Victoria Kimani (born 28 July 1985) is a Kenyan singer, songwriter, and entertainer previously signed to Nigerian record label Chocolate City. Her debut album was released in 2016.

She has appeared in the film 7 Inch Curve.

Life and career 
Kimani attributes that she began her career doing back-ups for Mercy Myra.
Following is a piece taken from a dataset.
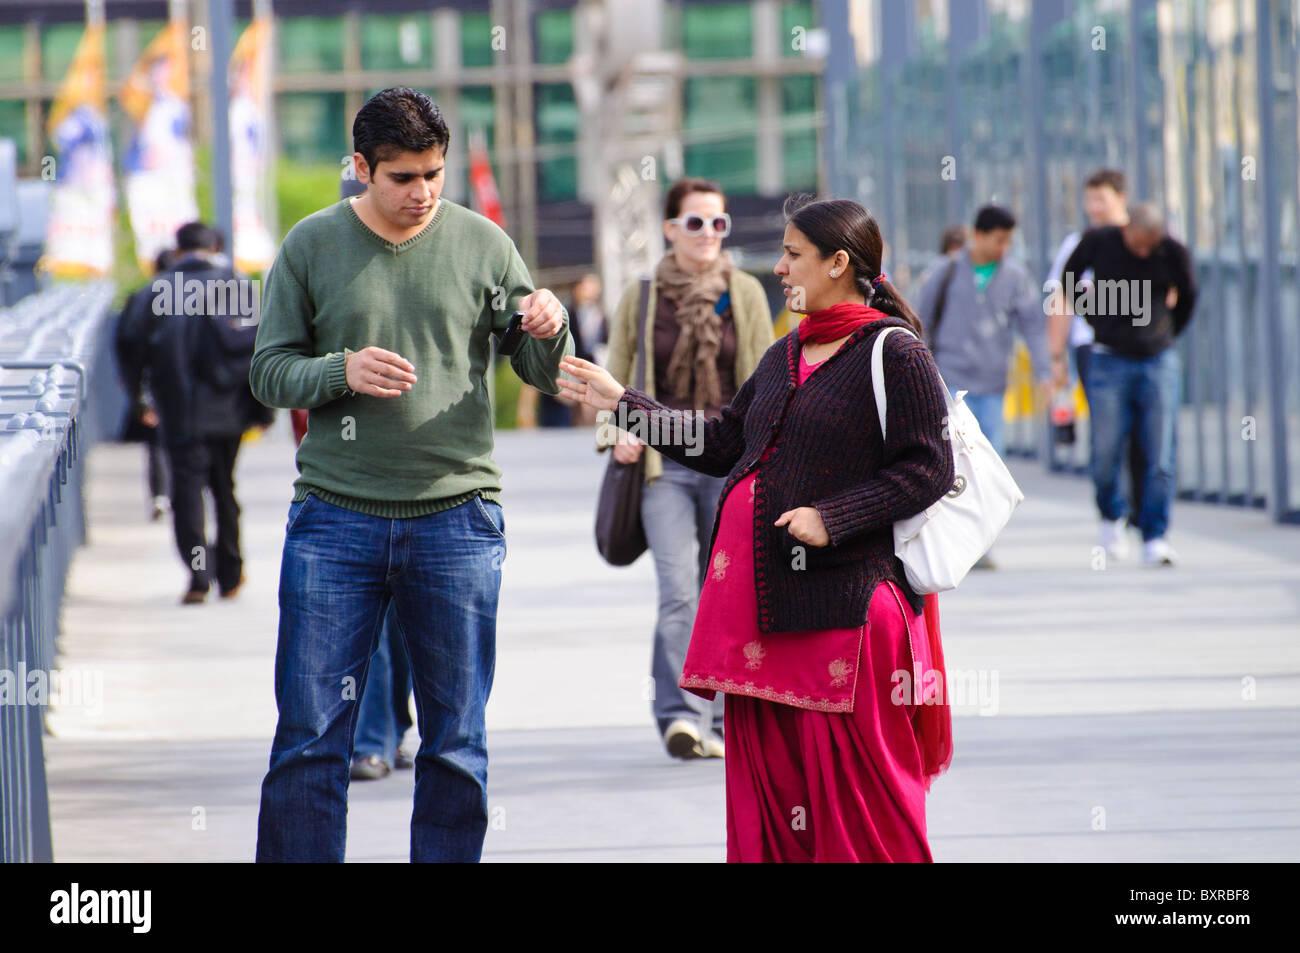 Minoría Étnica india en Australia: los migrantes o pareja de estudiante extranjero. Las mujeres, vestidas con el traje tradicional, está embarazada. Foto de stock

By it involving considerable travel, she later opted to drop out of school to fully pursue a career in music.

In late 2012, she was the first female artist signed by the Chocolate City music label, releasing her first single under the label, "Mtoto", in March 2013. The video was shot in Los Angeles.

Between 2014 and 2016, Kimani released the single "Show", produced by singer and producer Tekno Miles and other singles such as;  "Vex"; "Two of Dem"; "Loving You"; and "Booty Bounce", featuring Tanzanian artists Diamond Platnumz and Ommy Dimpoz; in 2016, Kimani released her new single "All the Way", featuring Khuli Chana.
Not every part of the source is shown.